SECURITIES AND EXCHANGE COMMISSION
                            WASHINGTON, DC 20549

                               ------------

                                 FORM 8-K


                               CURRENT REPORT
                   PURSUANT TO SECTION 13 OR 15(d) OF THE
                     SECURITIES EXCHANGE ACT OF 1934

Date of report (Date of earliest event reported): July 31, 2002

                      Price Communications Corporation
             (Exact Name of Registrant as Specified in Charter)


          New York                  1-8309                   13-2991700
(State or Other Jurisdiction      (Commission              (IRS Employer
      of Incorporation)           File Number)            Identification No.)


                            45 Rockefeller Plaza
                          New York, New York 10020
          (Address of principal executive offices) (Zip Code)

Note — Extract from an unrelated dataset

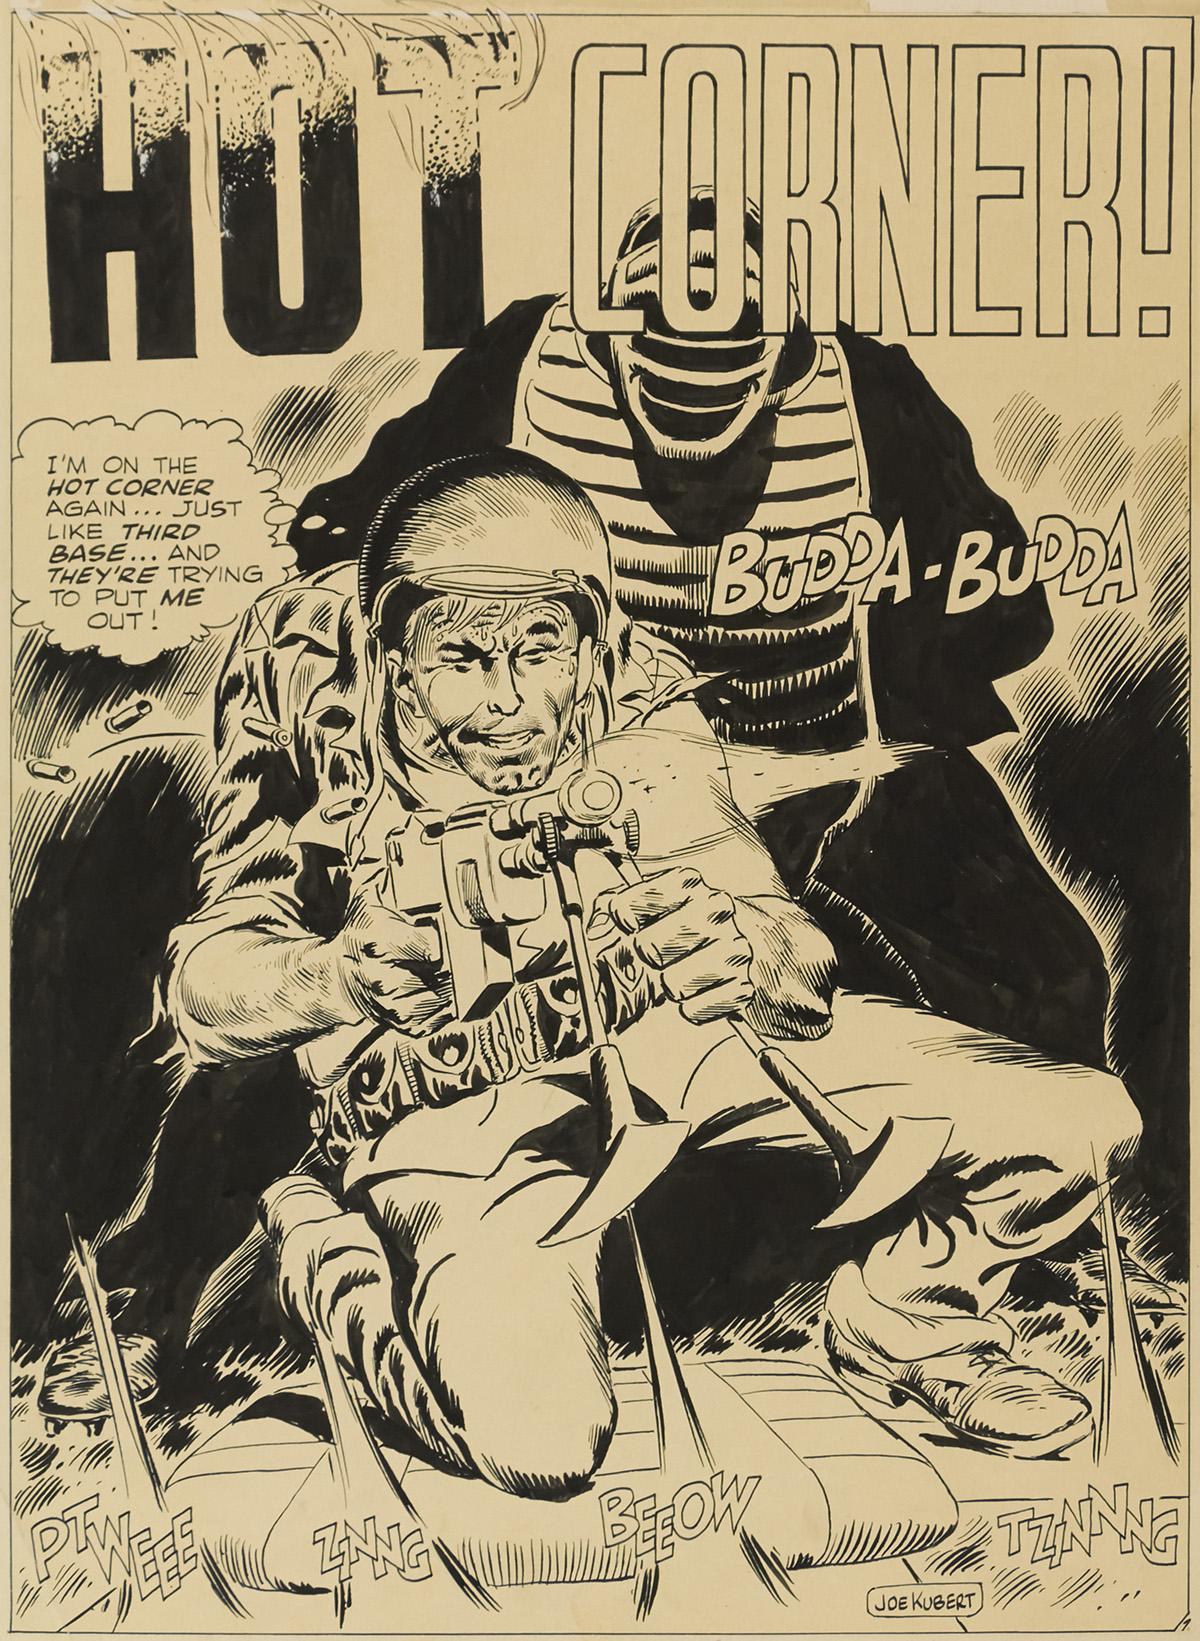 JOE KUBERT. Hot Corner! [COMICS / CARTOONS / G.I. COMBAT / WAR / DC COMICS]

Registrant's telephone number, including area code: (212) 757-5600




ITEM 4. CHANGES IN REGISTRANT'S CERTIFYING ACCOUNTANT

    On July 31, 2002, Price Communications Corporation, a New York
corporation ("Registrant"), dismissed Arthur Andersen LLP ("AA") as
Registrant's principal accountant to audit Registrant's financial statements,
and effective the same date engaged Deloitte & Touche in place of AA. Both
the dismissal of AA and the engagement of Deloitte & Touche were approved by
Registrant's Board of Directors and Audit and Finance Committee.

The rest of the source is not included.